- **Material provided**:

══════

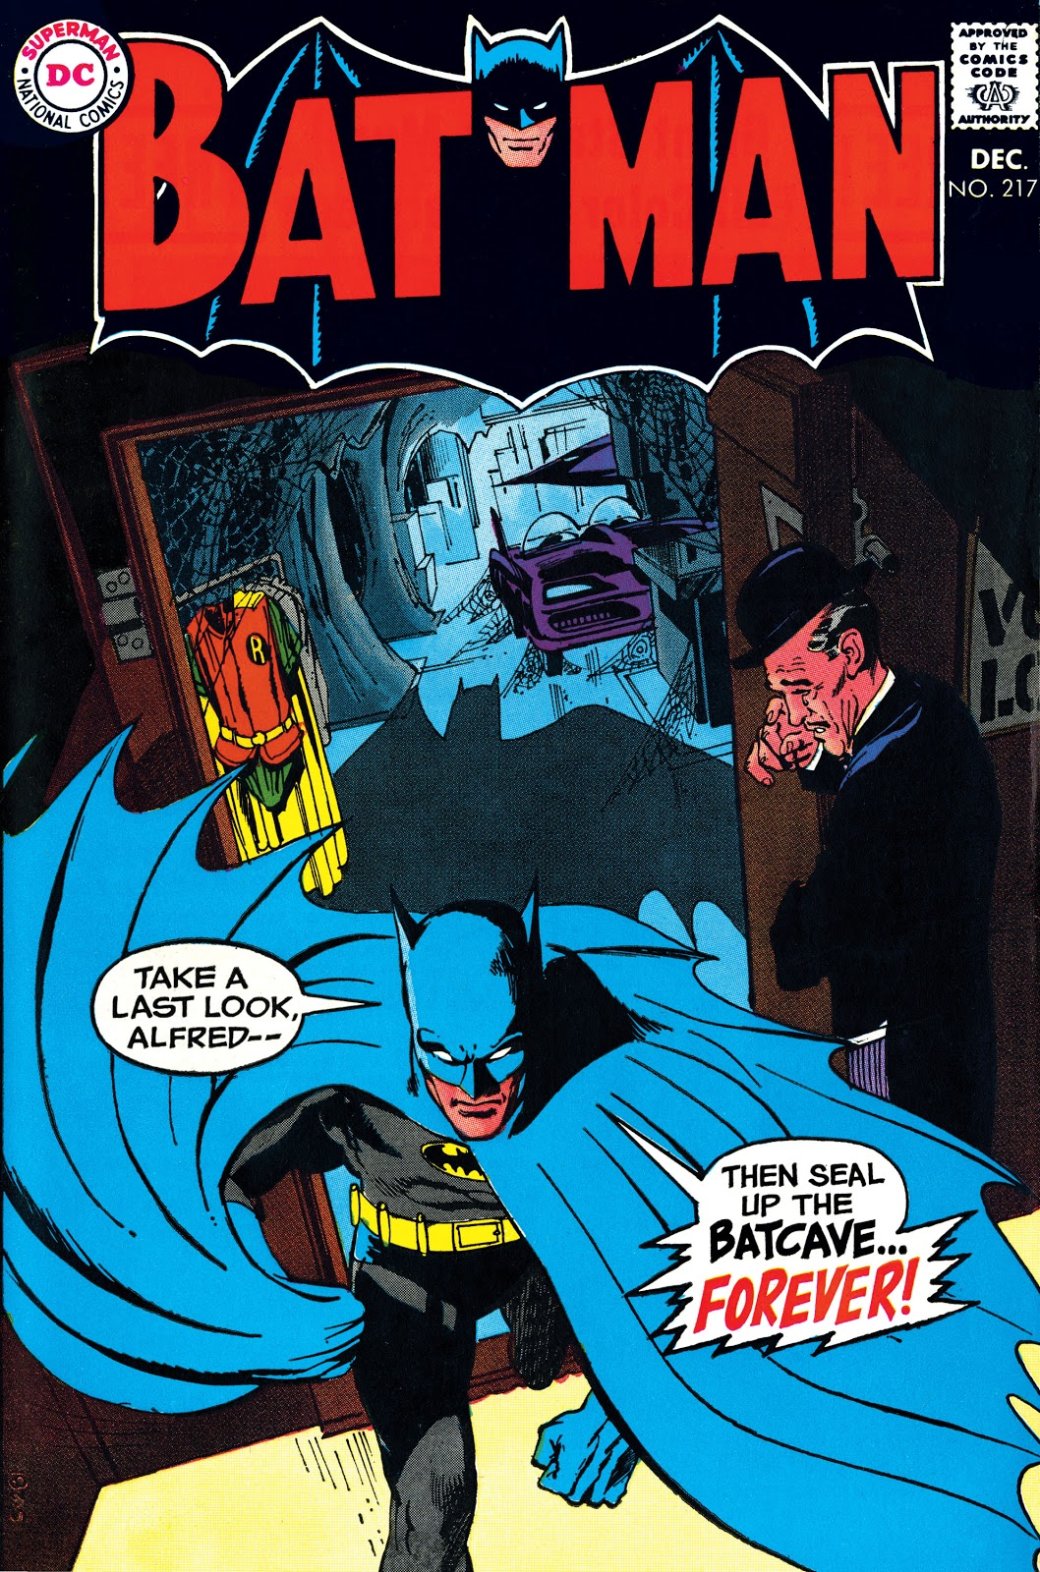 Галерея История Бэтмена в комиксах — вспоминаем путь Темного рыцаря в честь его юбилея - 4 фото
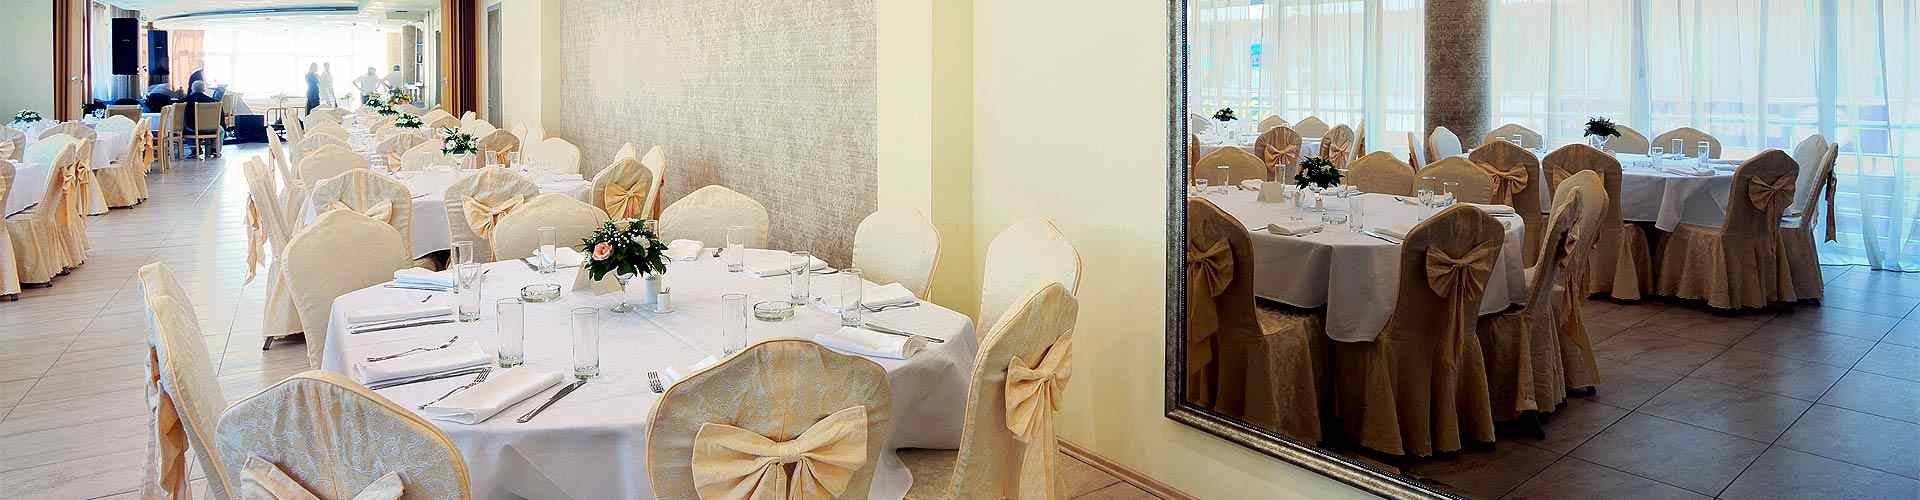 Restaurantes para bodas 2019 en Coceña
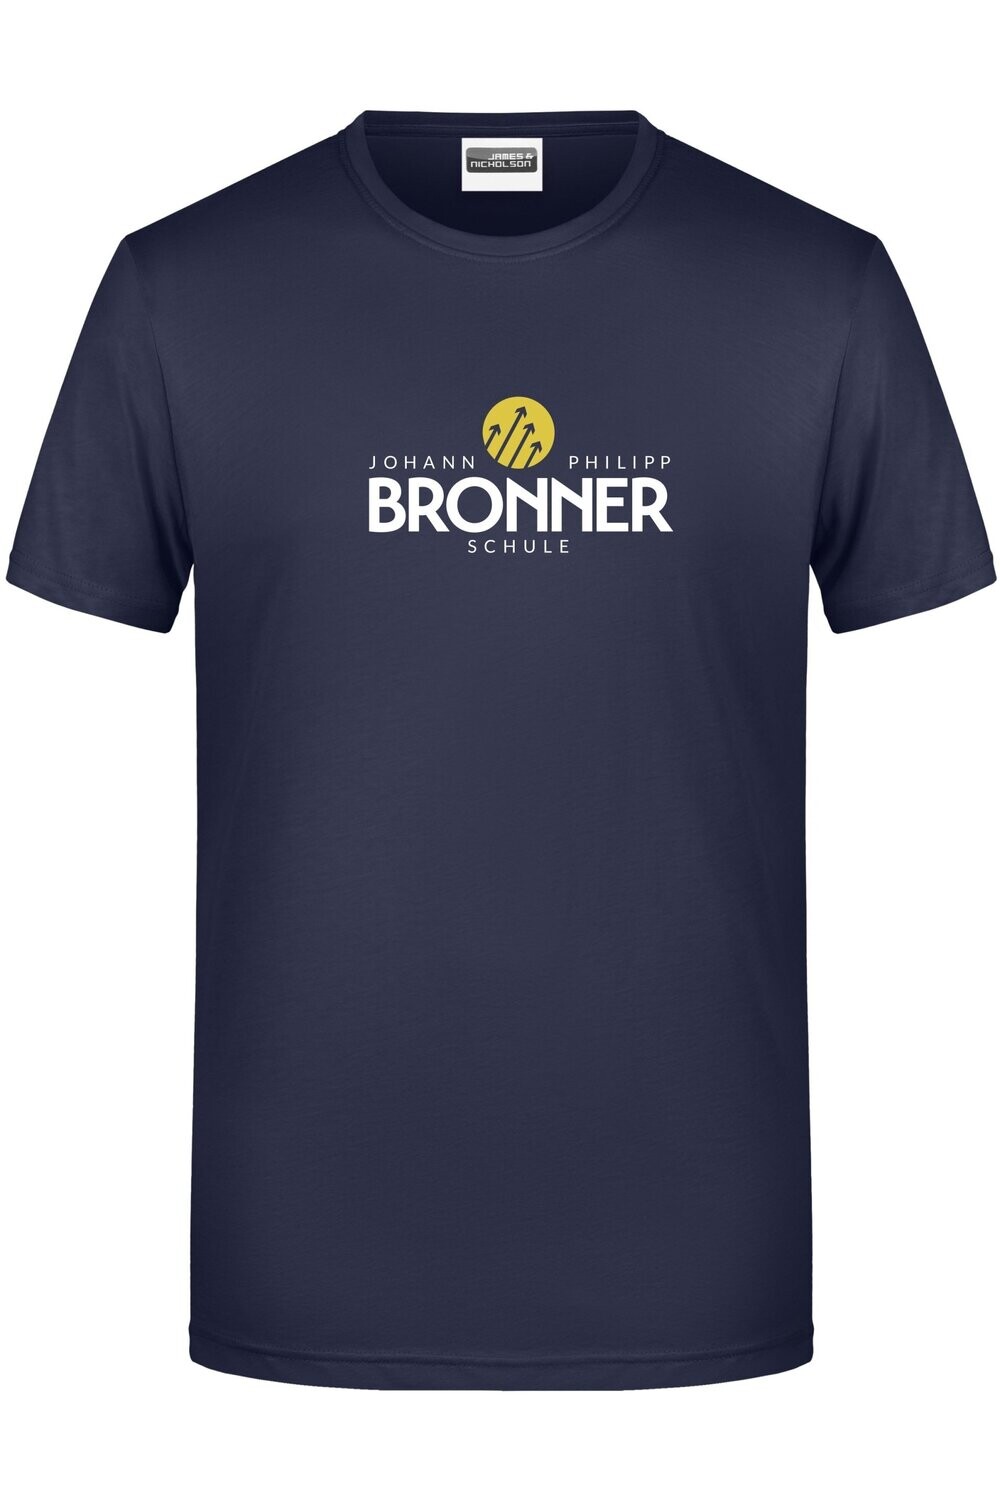 Johann Philipp Bronner Herren Bio-Baumwoll-Shirt
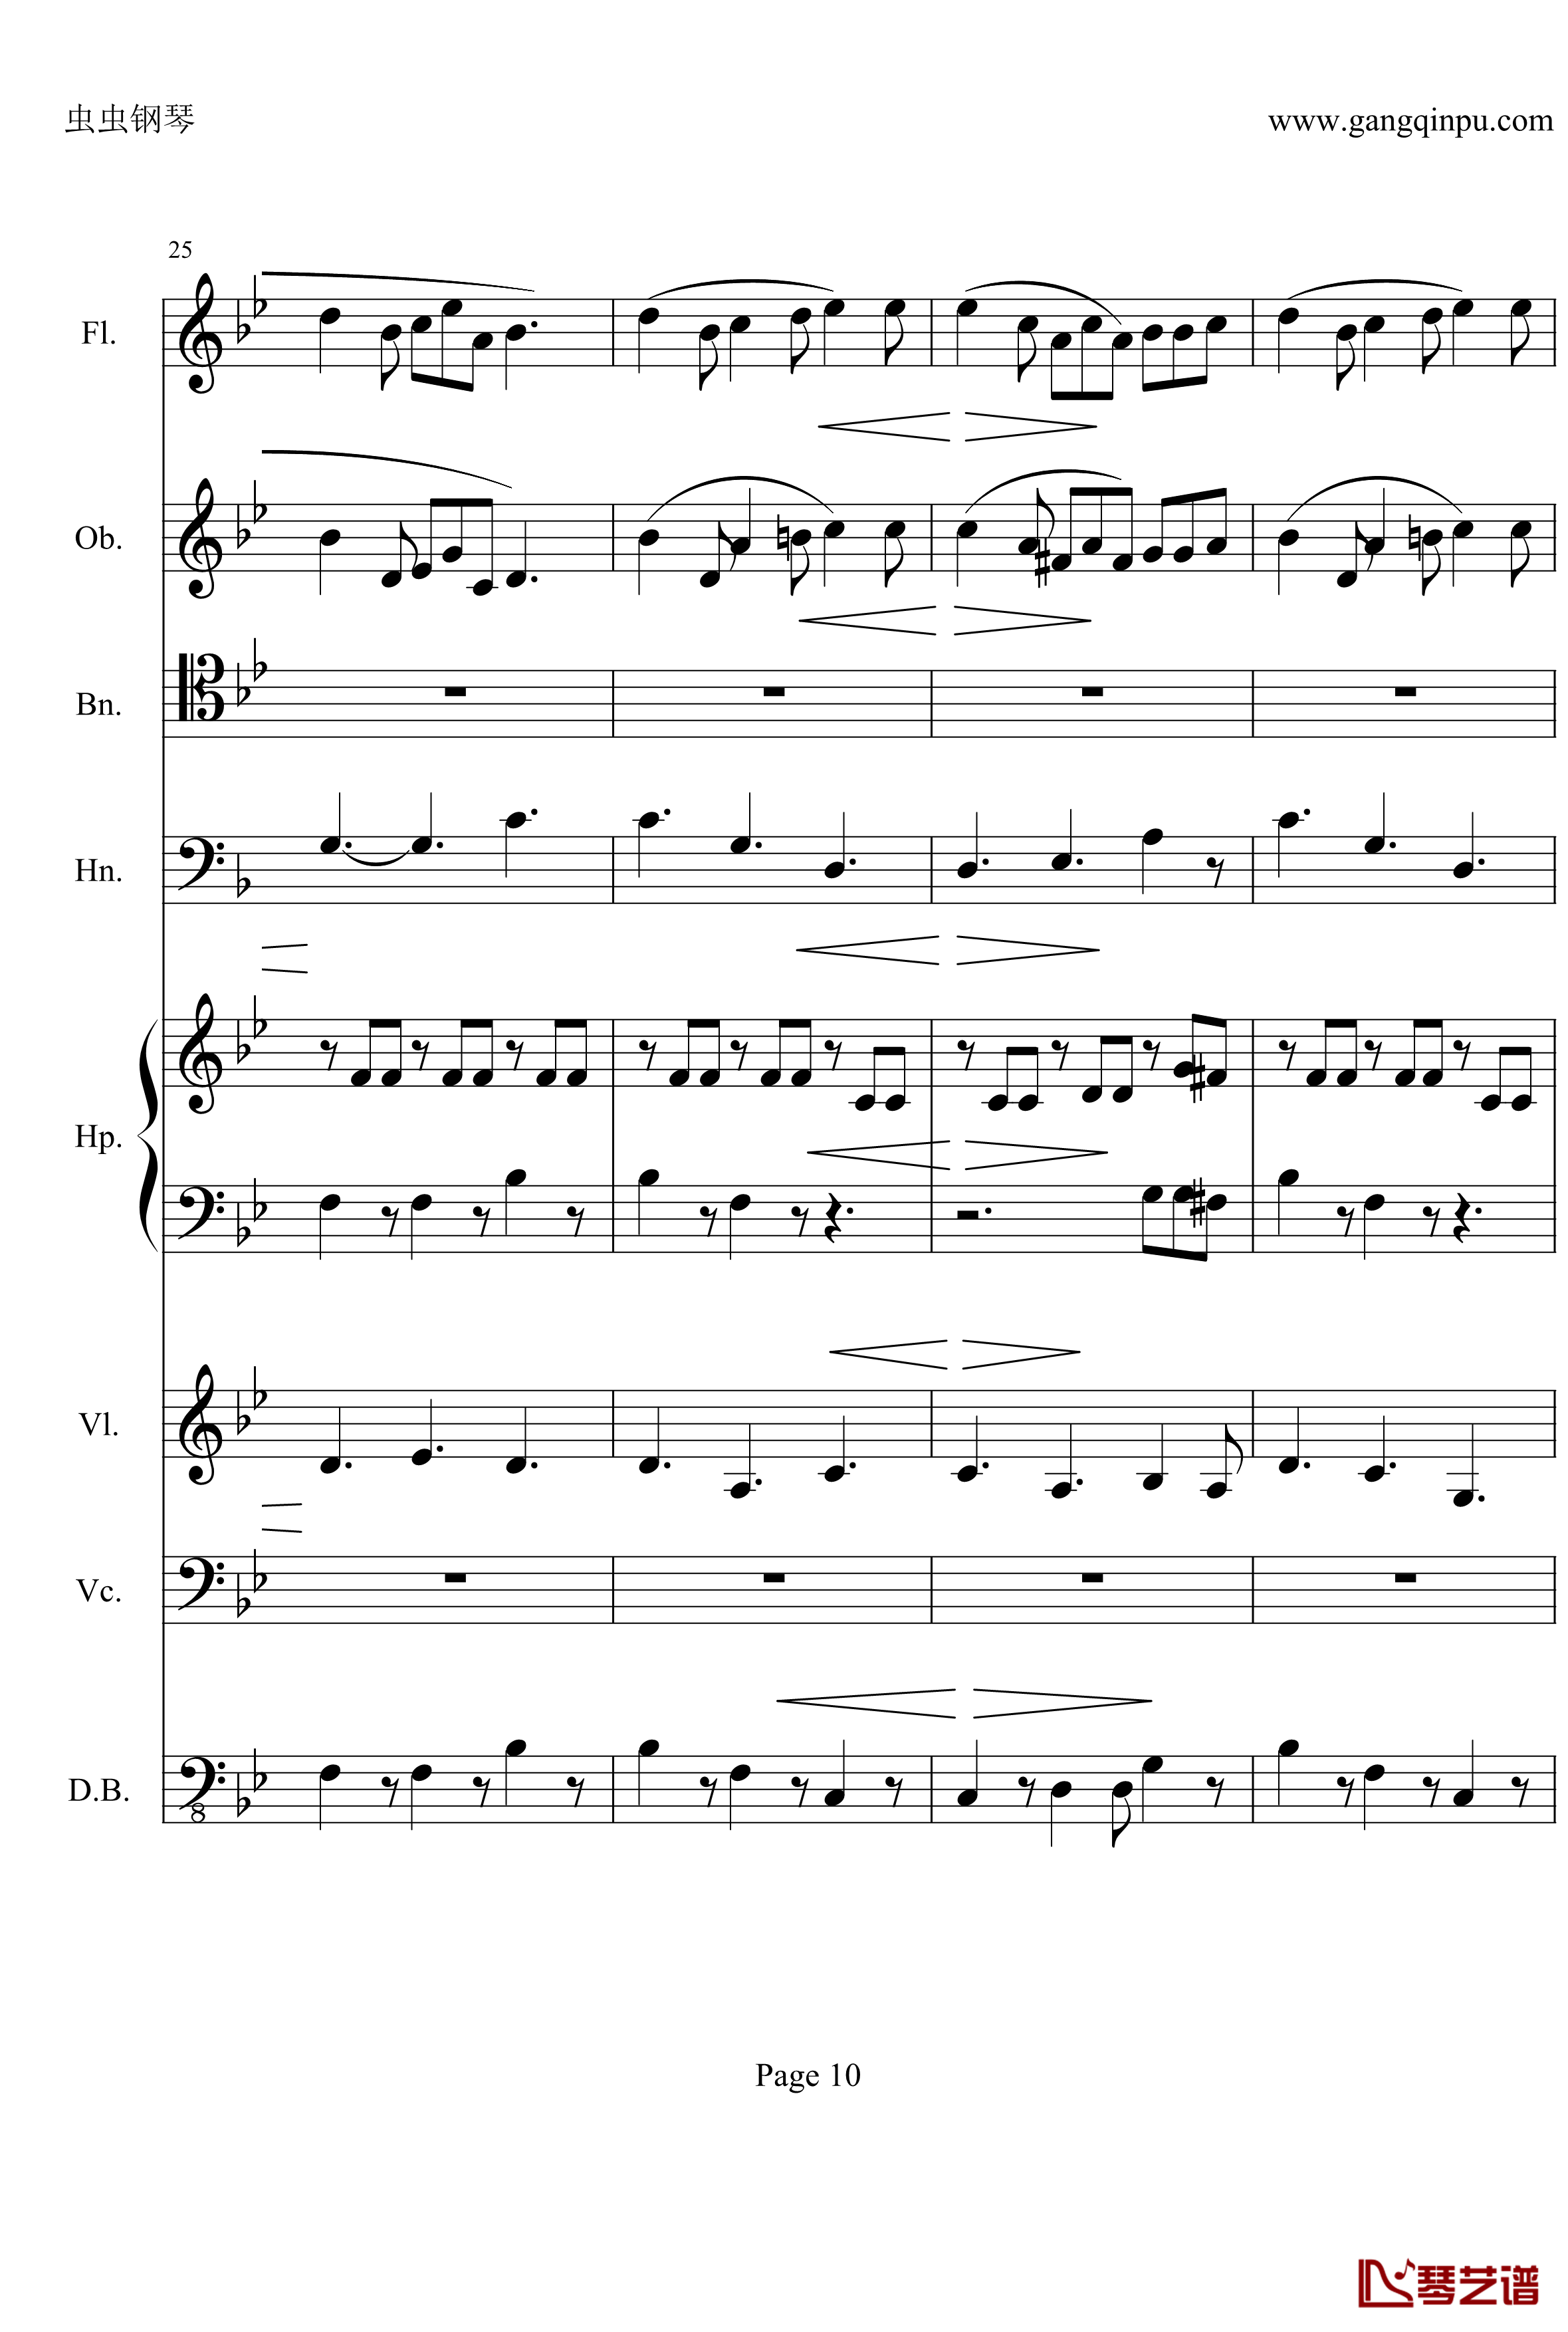 奏鸣曲之交响钢琴谱-第25首-Ⅱ-贝多芬-beethoven10

══════

- **Exercise directions**:
Write every line above out again exactly; pictures do not belong in the copy.

- **Response**:
 Галерея История Бэтмена в комиксах — вспоминаем путь Темного рыцаря в честь его юбилея - 4 фото
 Restaurantes para bodas 2019 en Coceña
 Johann Philipp Bronner Herren Bio-Baumwoll-Shirt
 奏鸣曲之交响钢琴谱-第25首-Ⅱ-贝多芬-beethoven10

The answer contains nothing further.